Rain provides typical Yorkshire backdrop to first (Re)Writing Yorkshire event
Dr Lucy Burnett, poet and Senior Lecturer in Creative Writing at Leeds Beckett, chaired the event on 7 October which saw Tara and Helen read from their back catalogues and discuss whether, and how, Yorkshire influences their writing, and where they see poetry going in the next 10 years.
In 2014, Tara and Helen were both identified by the Poetry Book Society, a high-profile judging panel led by Sir Ian McMillan, as two of a 20-strong cohort of writers expected to dominate the next decade.

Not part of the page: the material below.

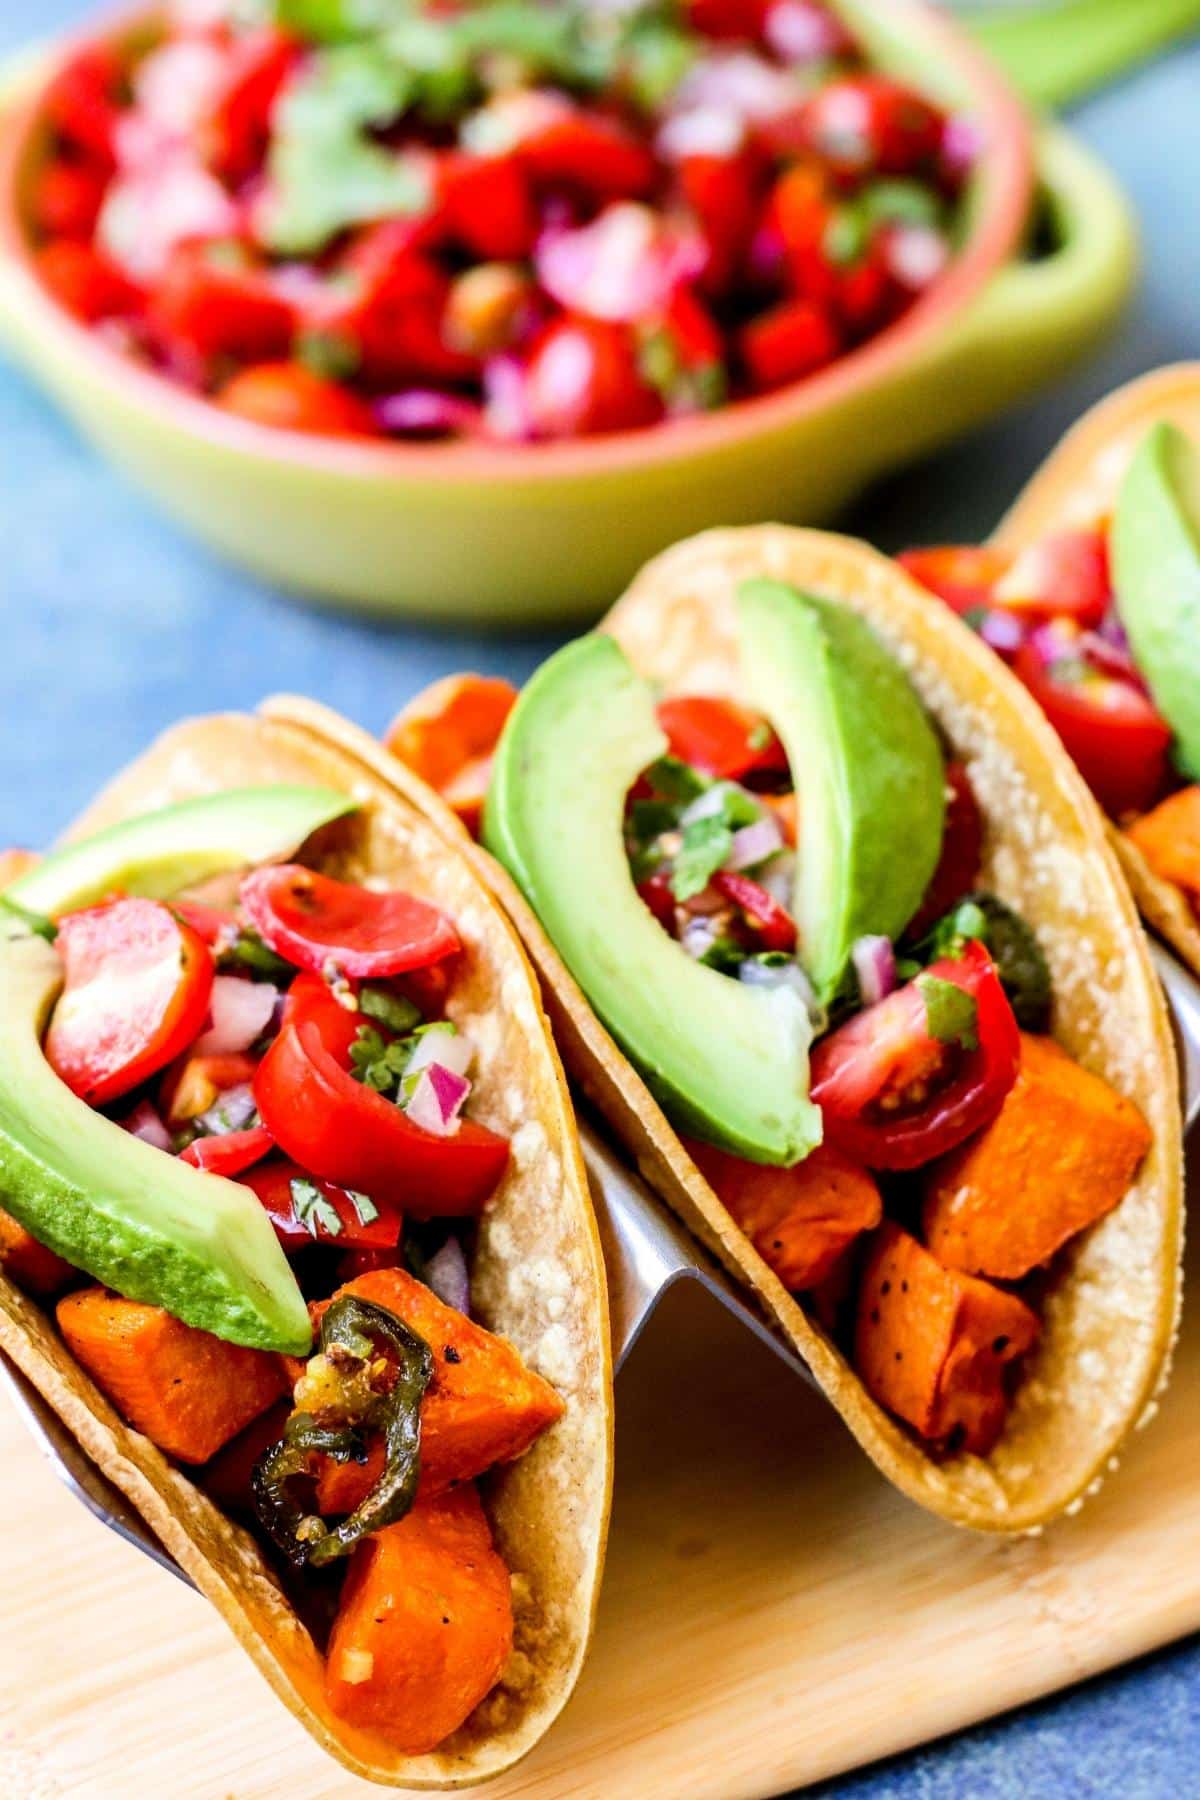 Tacos filled with roasted cubes of sweet potatoes and slices of jalapeño topped with fresh salsa and slices of avocado.

Dr Rachel Connor, Senior Lecturer in Cultural Studies and Humanities and organiser of the event, said: “For our first event, ‘Next Generation Yorkshire Poets’, we were thrilled to have a packed house – made up of members of the public, writers and both staff and students from Leeds Beckett and beyond – to hear Tara and Helen read from their work and talk about the influence of landscape and place. It was an atmospheric setting; with the book-lined shelves of the Leeds Library providing a stunning backdrop and the rain hammering on the glass roof of the atrium – quintessentially Yorkshire!”
The trilogy of seminars, to be held at the Leeds Library, are free and open to the public. The next lecture ‘Mapping Leeds’s fictional landscape with A J Kirby, Richard Smyth and Dr Rachel Connor’ will take place on 17 November at 6.30pm.
In this event, led by Dr Connor, A J (Andrew) Kirby and Richard Smyth (both selected in 2013 as amongst the top 20 writers in Leeds under 40) will explore the literary map of Leeds and its region – with a particular focus on grassroots writing. Spotlighting selected extracts from their own fiction, they will consider what constitutes a ‘Leeds’ or a ‘Yorkshire’ writer.
Dr Connor added: “We established the (Re)Writing Yorkshire series because there’s a real need for a live event that connects Leeds Beckett with the wider reading and writing community in Leeds and beyond - collaborating with the Library, which shares our democratic approach to reading and literature, also cements our accessibility in the heart of the city. The other reason for setting up the events is that we’re fascinated by representations of Yorkshire in the 21st century across the creative and critical domain and we wanted to be able to share our passion with like-minded people.”